## WORK REQUIRED
In the records below, repeat exactly the lines between the line holding "Логотип площадки На Шаболовке" and the line holding "Tour panorâmico por Reykjavík", inclusive, and drop the pictures.

## RECORDS PROVIDED
——————————

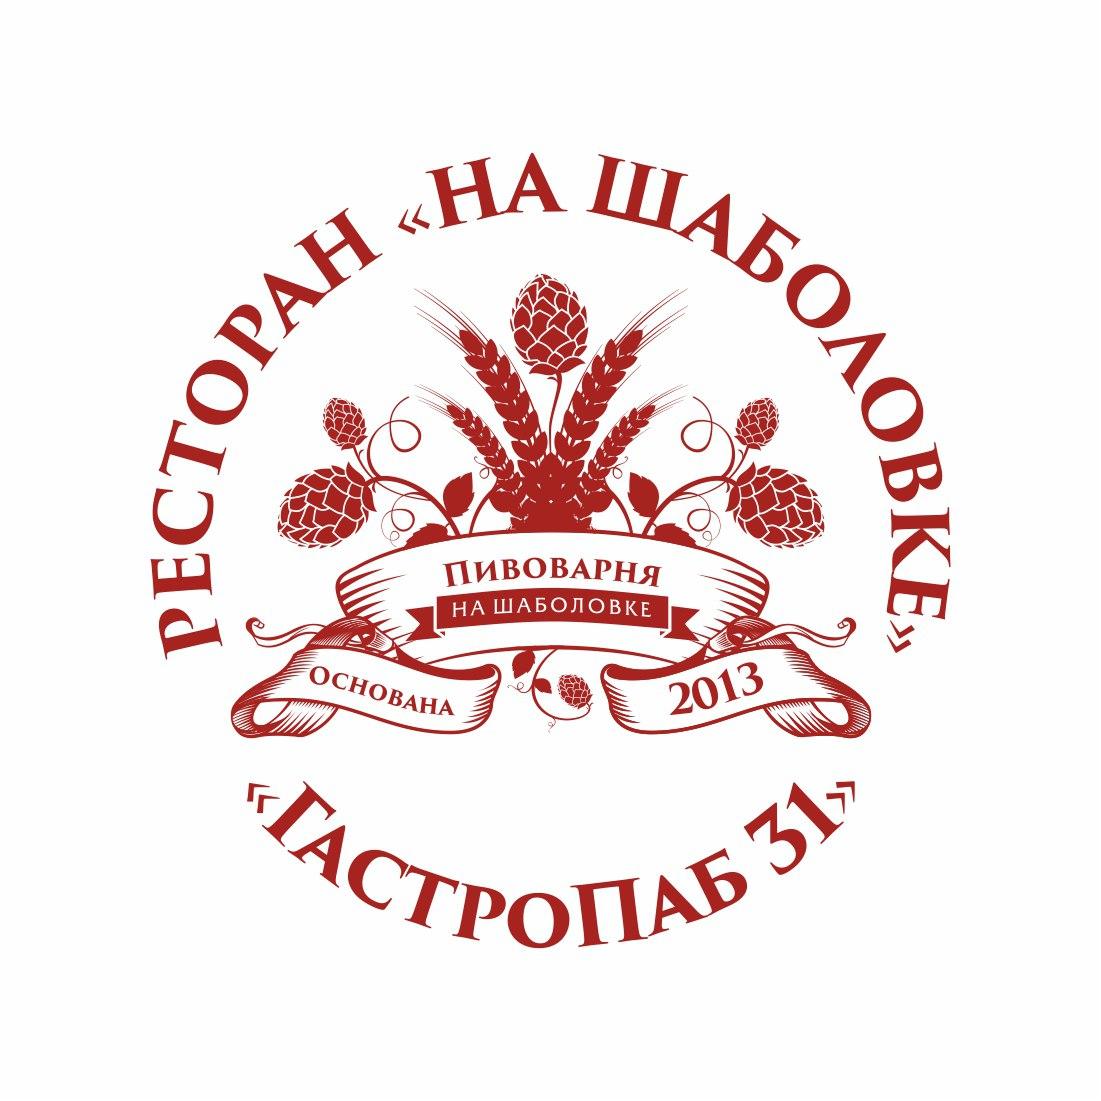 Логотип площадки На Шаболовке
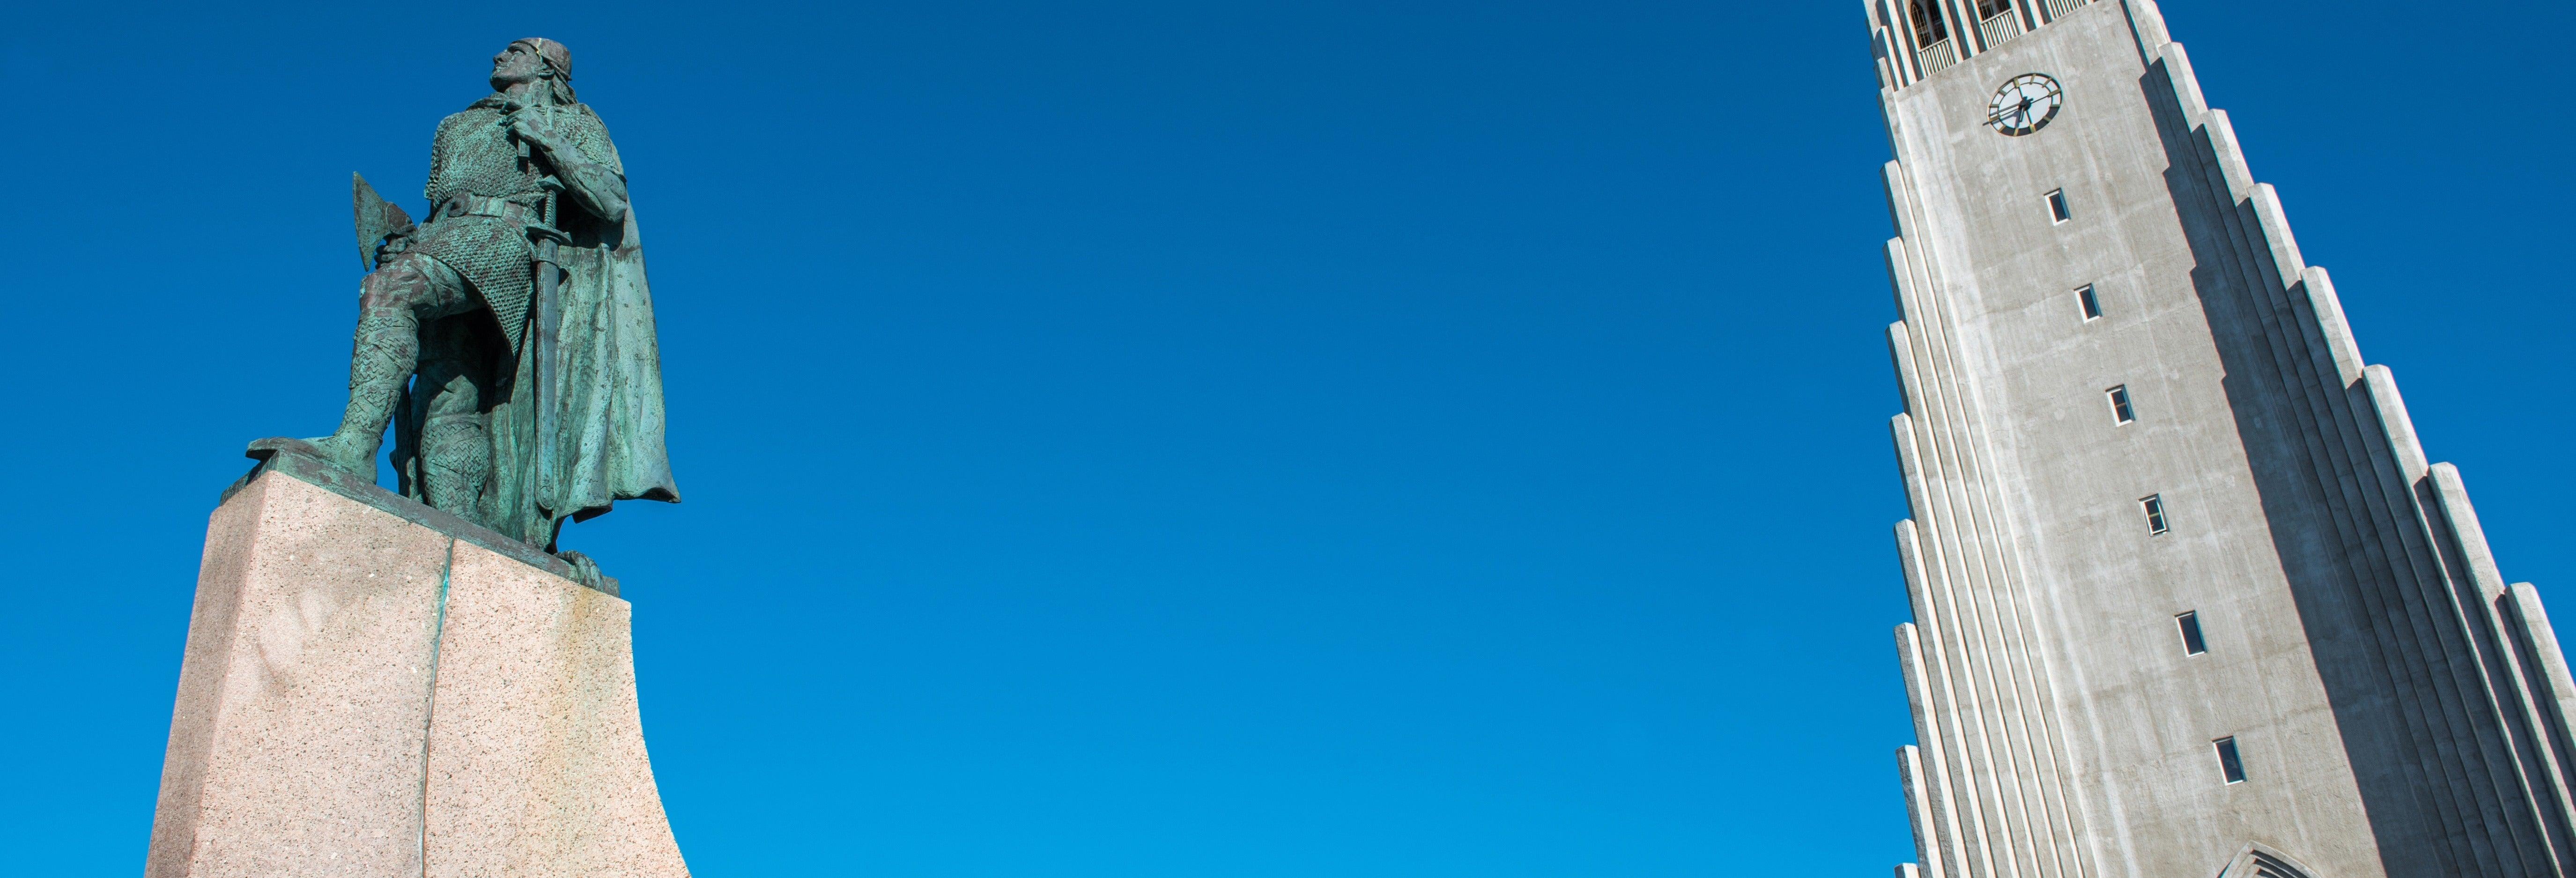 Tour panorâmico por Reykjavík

——————————

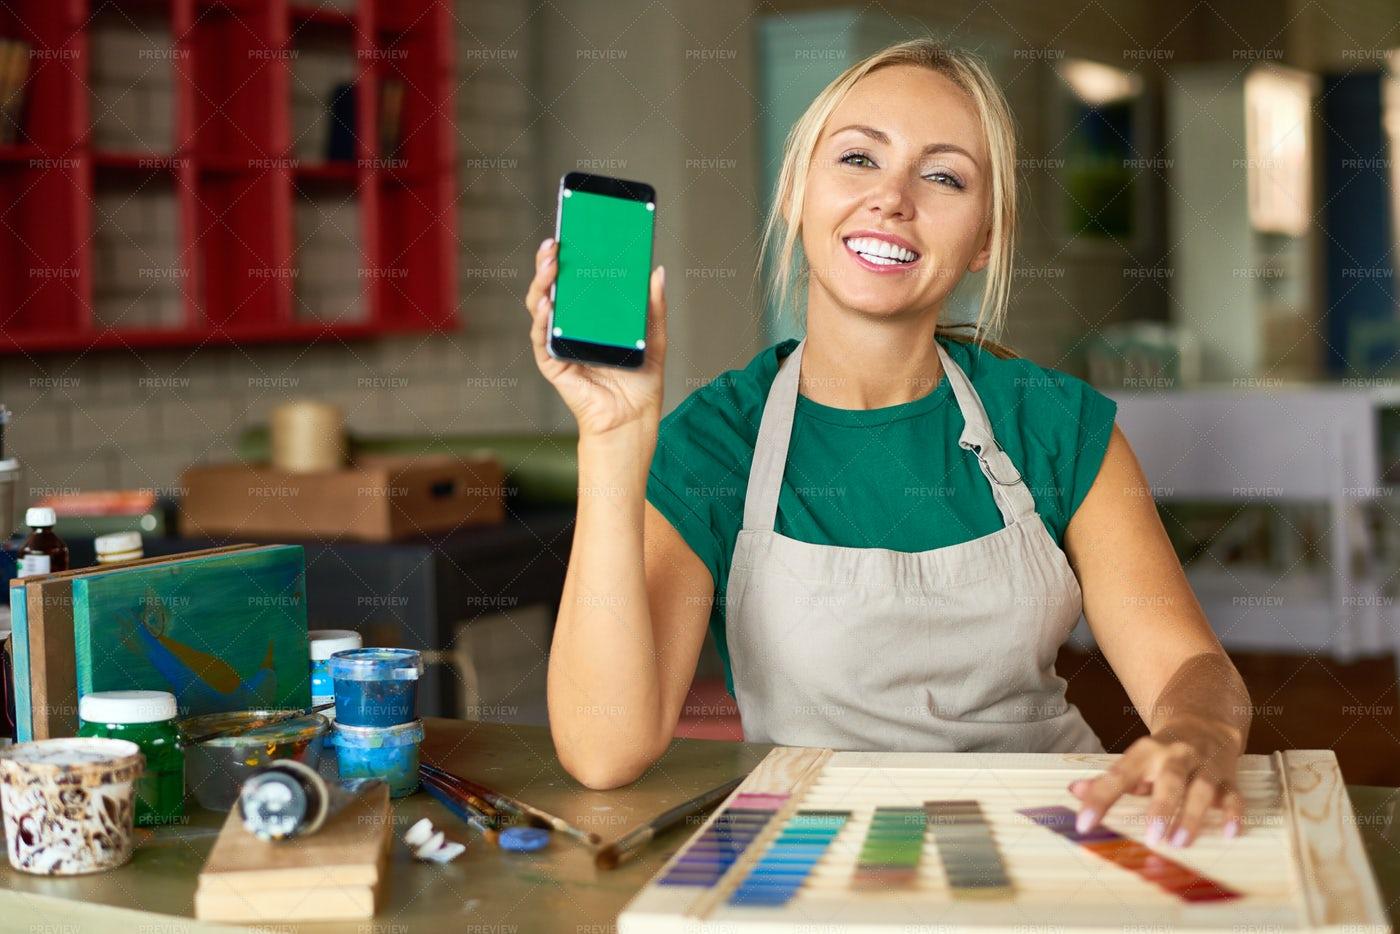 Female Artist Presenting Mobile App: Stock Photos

——————————

## COMPLETED TASK
 Логотип площадки На Шаболовке
 Tour panorâmico por Reykjavík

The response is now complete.